Patrick Ewing has filed for an arbitration hearing against th New York Knicks that could result in his becoming a free agent and possibly leaving the team after next season.
The move abruptly ends speculation that the Knicks and their franchise center are close to an amicable resolution of differences over Ewing's contract.
Ewing's lawyer, David Falk, and Knicks officials said Ewing turned down a new contract that would have made him the highest-paid player in team sports, exceeding the $5.3 million a year contract extension that Roger Clemens signed with the Boston Red Sox earlier this year.
Why would Ewing turn down such a huge offer? Is he trying to find a way of getting out of a team that may never find the complementary players to help him win a title?
"Patrick wants freedom of choice before he makes a commitment to New York for the rest of his career," Falk said.
At issue is a clause in the $32 million, 10-year contract that Ewing signed on Sept. 18, 1985, which allows him to become a restricted free agent after his sixth year if he is not among the four highest-paid players in the league.

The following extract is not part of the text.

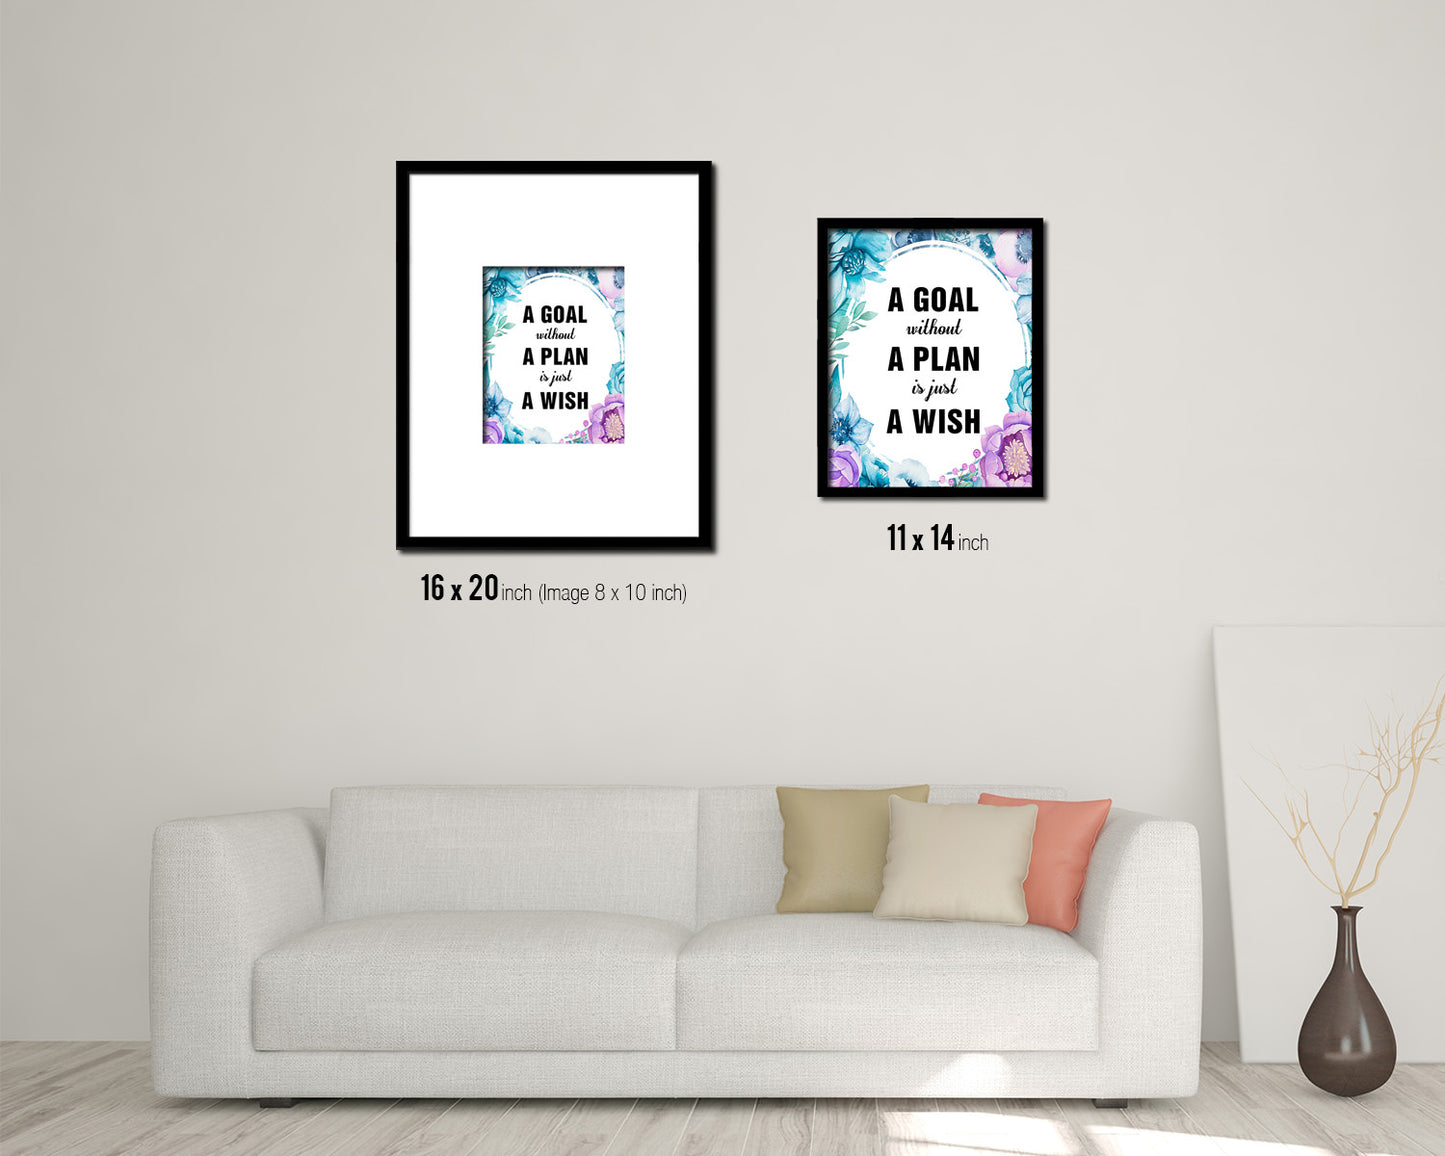 A goal without a plan is just a wish Quote Boho Flower Framed Print Wall Decor Art

As a restricted free agent, Ewing would be free to negotiate with other teams, but the Knicks would retain the right to match any offer.

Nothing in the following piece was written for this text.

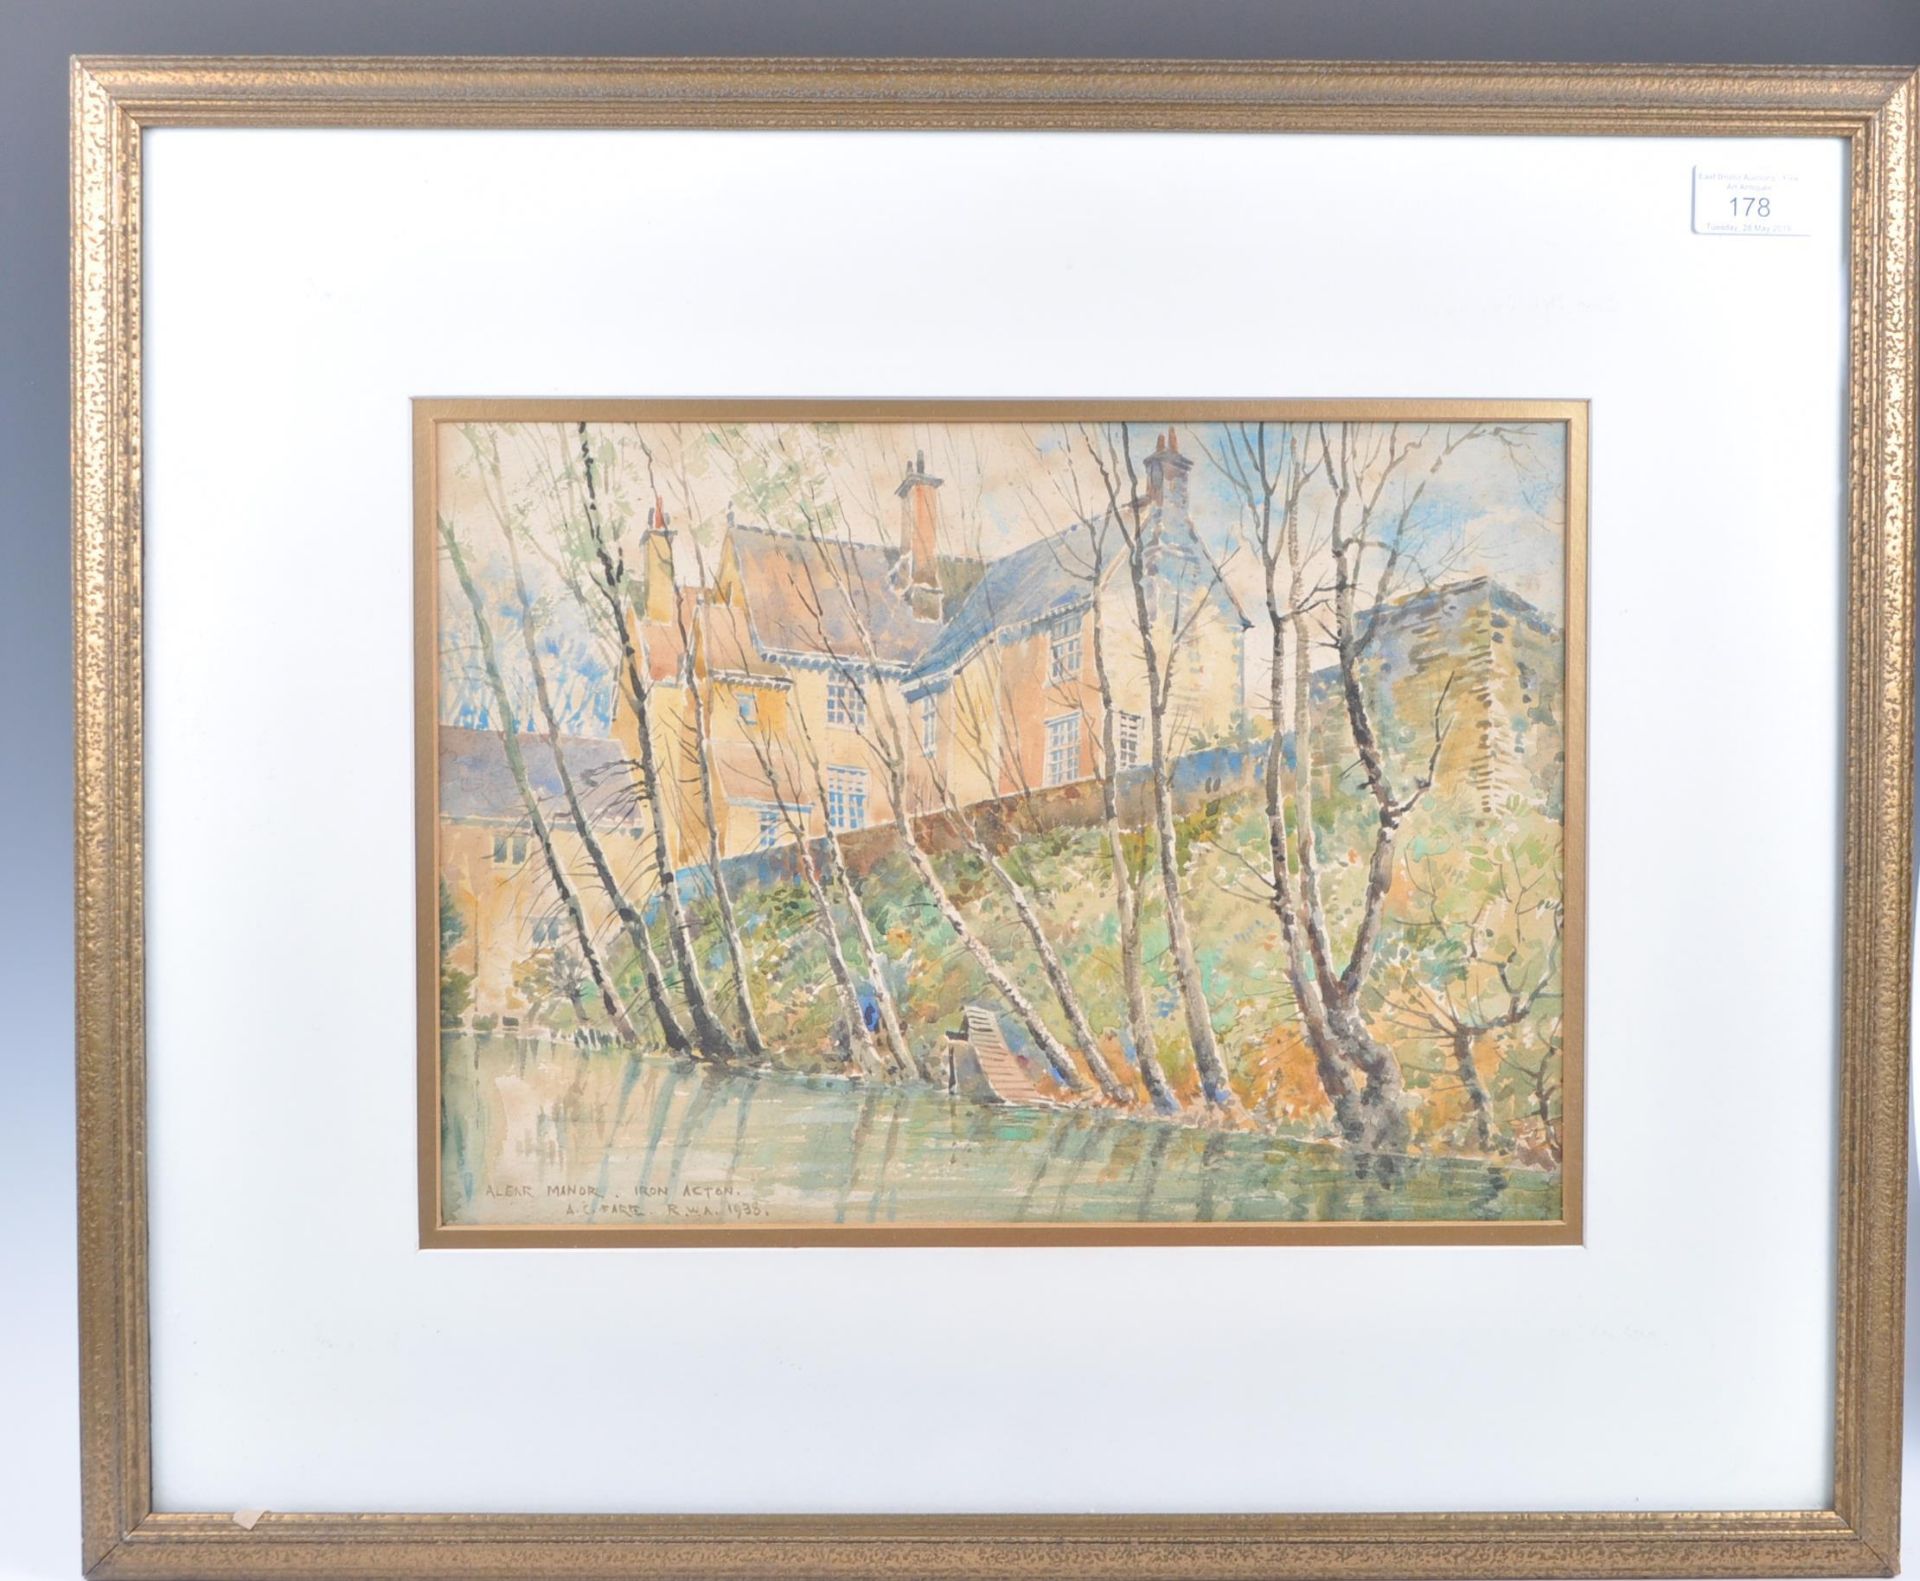 ARTHUR CHARLES FARE (1876-1958) WATERCOLOUR PAINTING IRON ACTON - Image 5 of 5

The Knicks contend that Ewing, who would earn $3.138 million next season under his contract, is the fourth highest-paid player, behind John "Hot Rod" Williams of the Cleveland Cavaliers ($4 million), Hakeem Olajuwon of the Houston Rockets ($3.498 million) and Michael Jordan of the Chicago Bulls ($3.25 million). But Ewing's lawyer, Falk, said, "There are at least two other players who will earn more."

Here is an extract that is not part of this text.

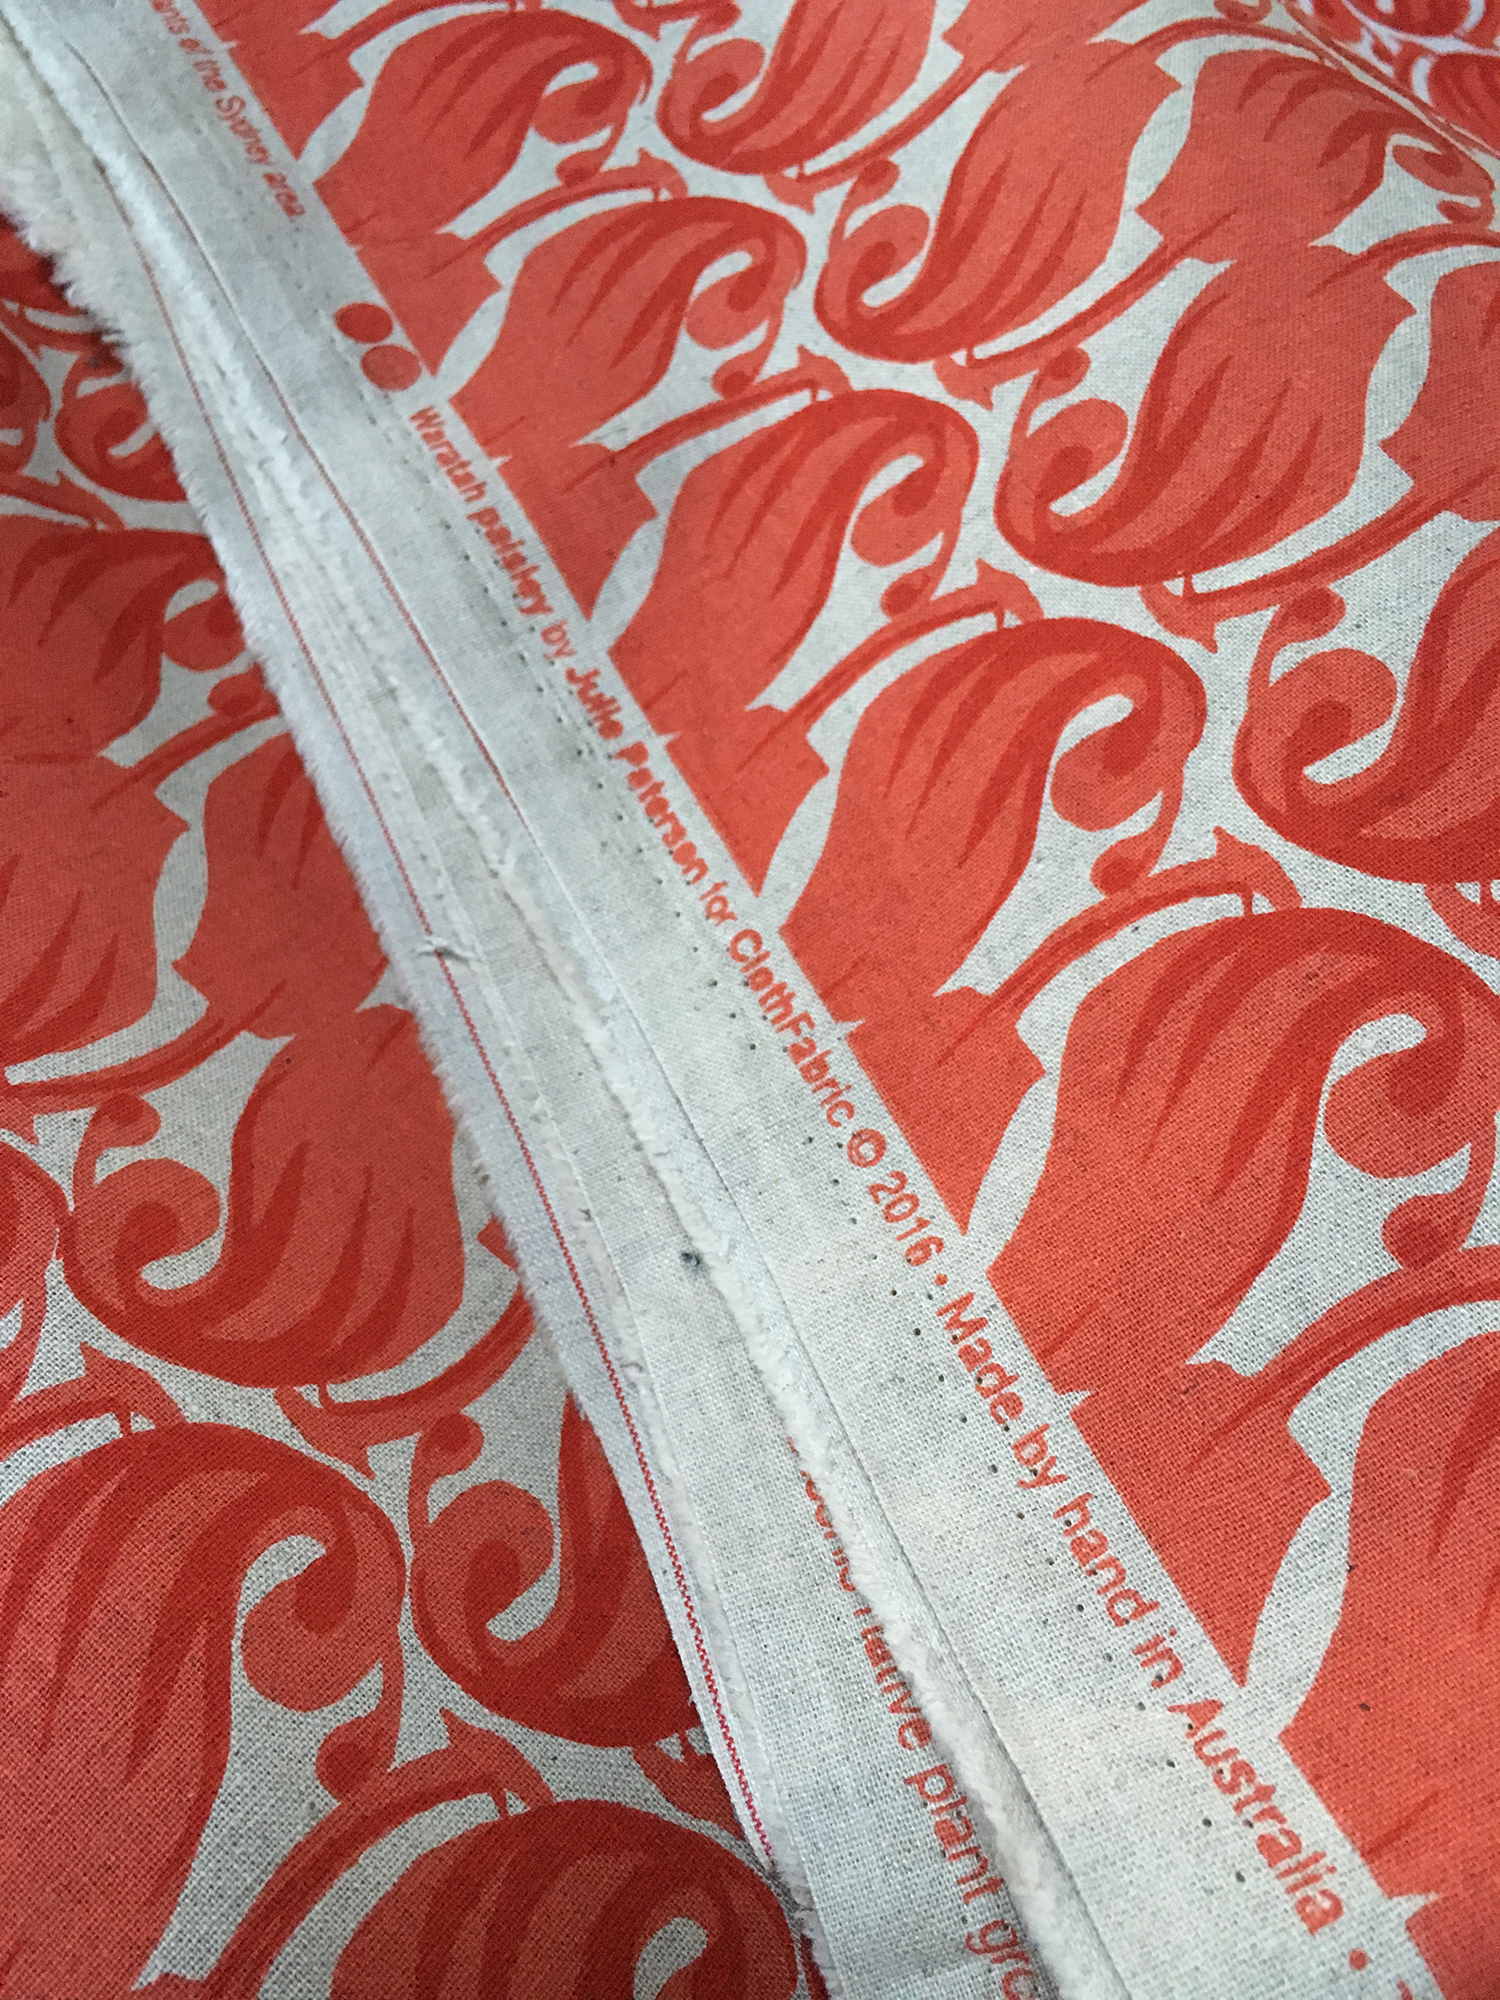 edge of piece of fabric with red print of waratah bud

Falk refused to name those players yesterday, saying "it will be for the arbitrator to decide."
Depending on how the arbitrator views the issue, Larry Bird of the Boston Celtics could be one of them. Bird will be paid $7.1 million next season with part of the money coming from the signing bonus that he deferred when he re-signed with the Celtics two years ago.
But Knicks President Dave Checketts asserted that signing bonuses and deferred income were not part of the computation in Ewing's contract that would determine whether he is the fourth-highest player. Only his salary counts.